Don't you want to show something along this line:
ffts_l=@(x) circshift(x,floor((size(x)-1)/2)) % OriginPro compatible
ffts_r=@(x) circshift(x,floor((size(x))/2)); % equilalent to MATLAB fftshift
>> x=0:8;
>> [x; ffts_l(x); ffts_r(x)]
ans =
0 1 2 3 4 5 6 7 8
5 6 7 8 0 1 2 3 4
5 6 7 8 0 1 2 3 4
>> x=0:9;
>> [x; ffts_l(x); ffts_r(x)]
ans =
0 1 2 3 4 5 6 7 8 9
6 7 8 9 0 1 2 3 4 5
5 6 7 8 9 0 1 2 3 4
dpb
2019년 7월 9일
편집: dpb
2019년 7월 9일
Bruno, the n-1 is just the offset difference between 1- and 0-based arrays--a trivial difference but seems to throw many into complete tizzy.
Your latter illustration is also pertinent, I was just too lazy to write the extra code figuring simply showing OP the indexing is the root answer of how Matlab returns the order and one can build the quoted author's table from it by inspection.
Bruno Luong
2019년 7월 9일
편집: Bruno Luong
2019년 7월 9일
"difference between 1- and 0-based arrays"

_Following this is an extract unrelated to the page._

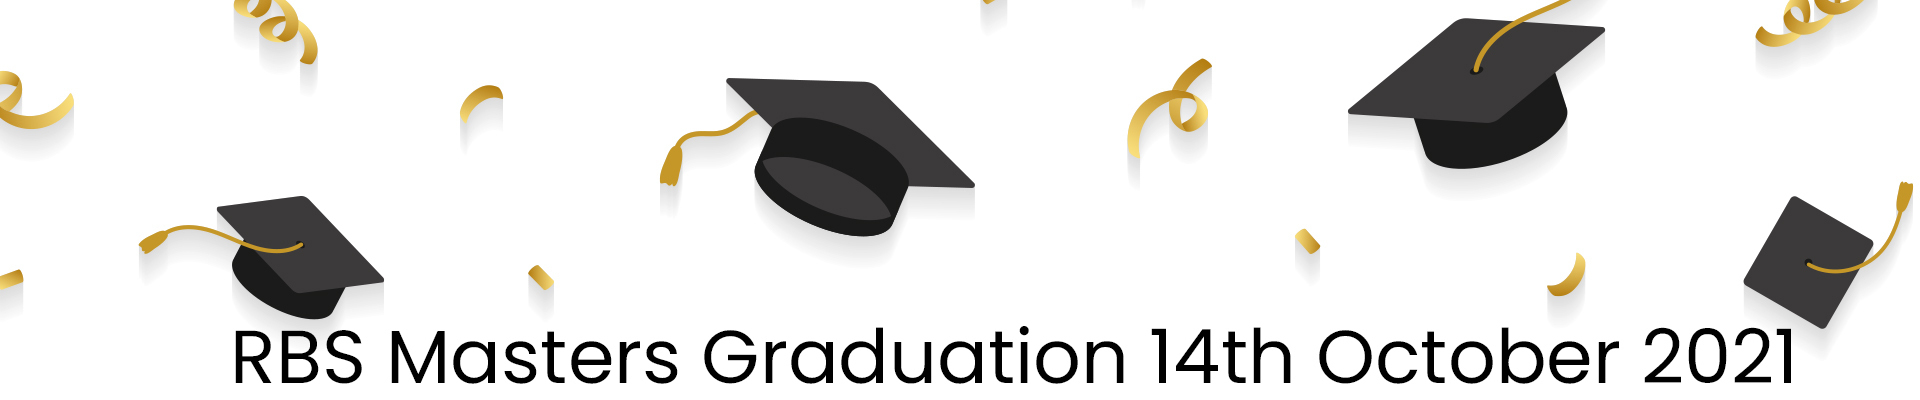 Master Graduation Ceremony October 14 2021

It escapes me about who was discussing of 1/0 base indexing in this thread.
As I understood the discussion is around the FFT output coefficients c_i and its subindex i which makes the correspondance to the frequency:
f(i) := Fs * i / n.
and whereas i should vary beween
[-floor((n-1)/2) : ceil((n-1)/2)] % OriginPro
or
[-ceil((n-1)/2) : floor((n-1)/2)] % MATLAB FFTSHIFT
(As we discuss, both are mathematically correct and it's a matter of interpretation or arbitrary choice)
Bjorn Gustavsson
2019년 7월 9일
@dpb (on 7 Jul 2019 at 14:50): One "common" use of "not choosing" base-band is that one has undersampled a high-frequency signal with signal at frequencies inside the N-th Nyqvist zone. The spectra of that signal can then be accurately determined with sampling-rates much lower than the centre-frequency of the band.